The Dangerous Drugs Act sets strict admission requirements for rehabilitation programs, because there were fewer drug surrenderers when the law was passed
MANILA, Philippines – The Philippines’ Comprehensive Dangerous Drugs Act is outdated.
No less than a permanent board member of the Dangerous Drugs Board (DDB), the government’s policymaking body, admitted this on Wednesday, March 21.
“The current drug law is outdated. It was signed 2002. The concerns, the issues, the approaches have changed since then,” Undersecretary Benjamin Reyes said, speaking in a room full of academics, students, and stakeholders in the government’s war on drugs.
Republic Act 9165 or the Dangerous Drugs Act is the blueprint of the Philippine government against illegal drugs.

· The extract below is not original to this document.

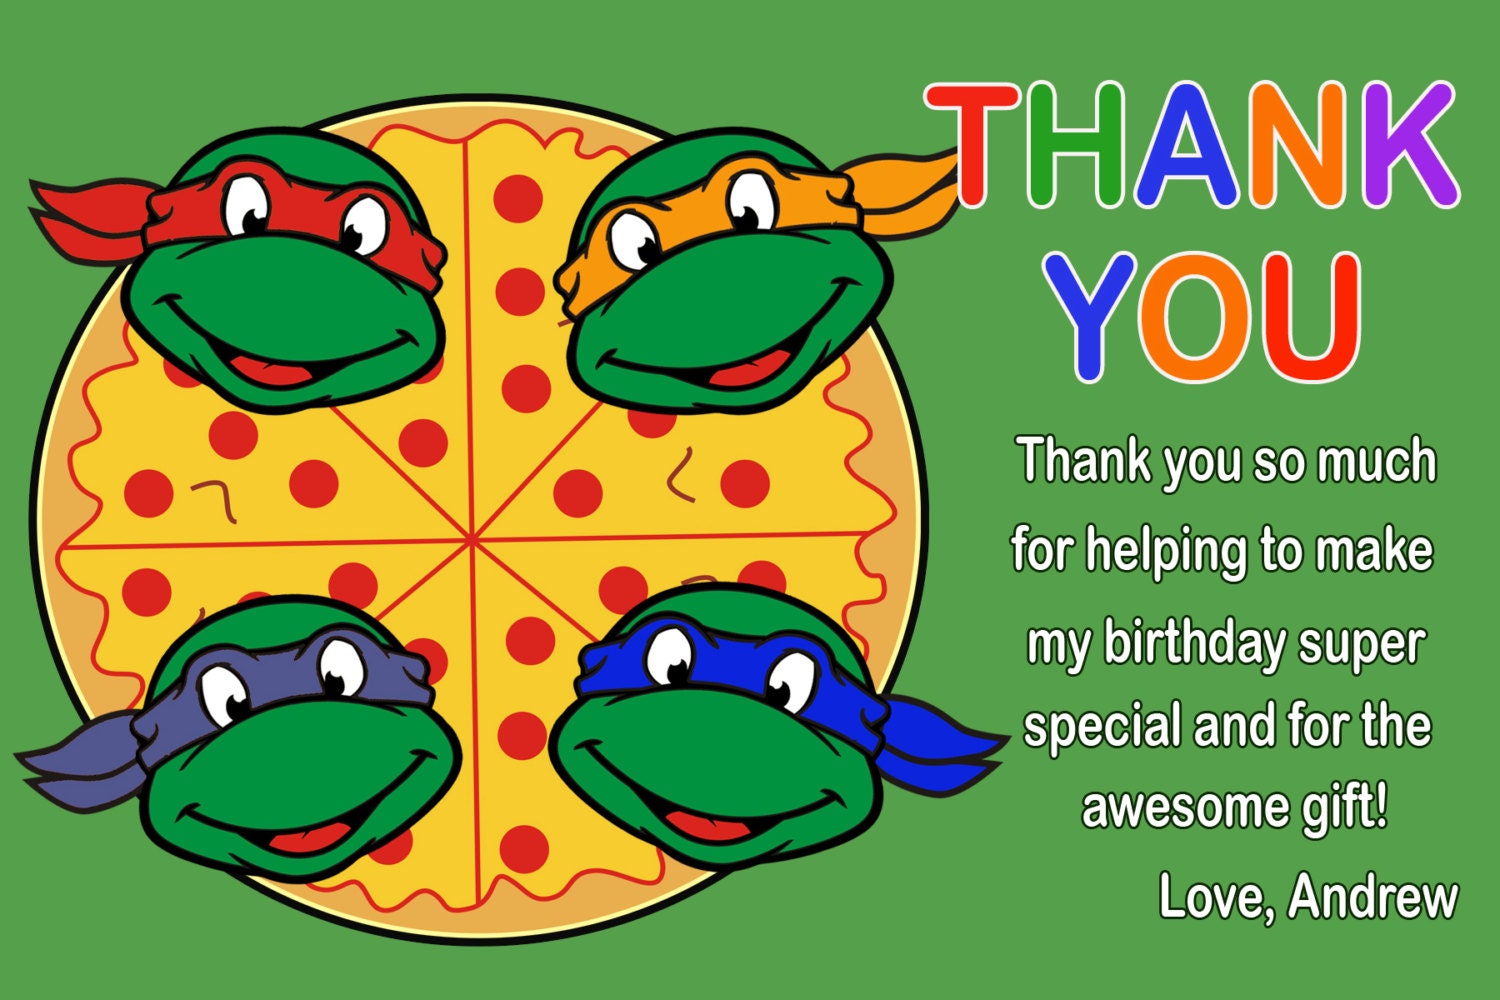 sale-tmnt-thank-you-card-ninja-turtles-thank-you-card

The law declared that “the government shall pursue an intensive and unrelenting campaign against the trafficking and use of dangerous drugs and other similar substances.” It also mandated the division of labor among government agencies.
But is this “outdated” law a failure? Based on Rappler’s earlier interviews with Senate Majority Leader Vicente Sotto III – the law’s principal sponsor – and former DDB Chairman Felipe Rojas Jr, the law certainly failed at least in terms of implementation. (READ: The dangers of the Dangerous Drugs Act)

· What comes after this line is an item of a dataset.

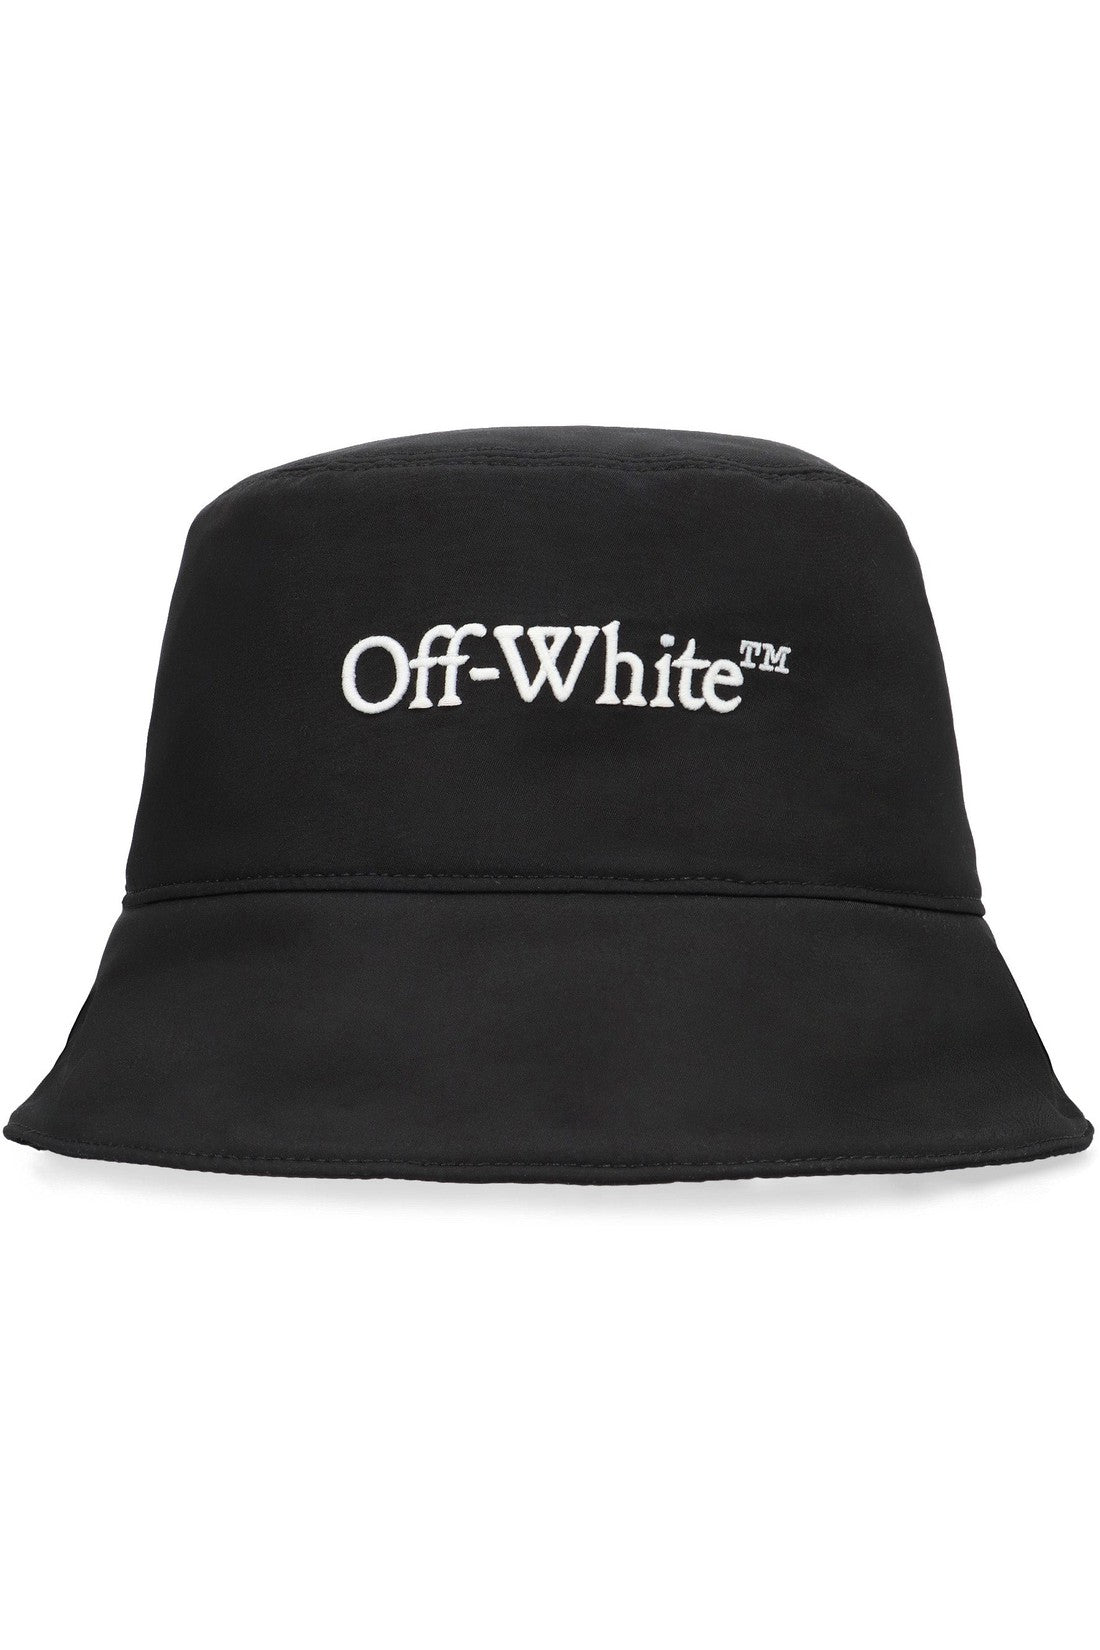 Off-White-OUTLET-SALE-Bucket hat-ARCHIVIST

DDB Undersecretary Reyes said RA 9165 is preventing the Philippines’ victory in its drug war because of the following:
- The law sets strict admission requirements for rehabilitation programs, because there were fewer drug surrenderers when it was passed
- It has lenient budget allocation requirements for local anti-illegal drugs programs
- It imposes stringent penalties on violators, leaving little to no chance for rehabilitation
- It gives too much room for the law enforcement-oriented Philippine National Police to intervene in the multifaceted drug war
Old estimates, old provisions
What has changed since the law’s passage?
Reyes recalled that the 2002 Senate and House bills were passed into law at a time when the government estimated that there were only about 1.2 million drug users in the country – almost 3 times less than the present 4-million estimate.
“That time, we were only looking at a few users nationwide, and then now suddenly we were surprised that our law enforcers are estimating millions,” Reyes told Rappler in an interview after the Wednesday forum.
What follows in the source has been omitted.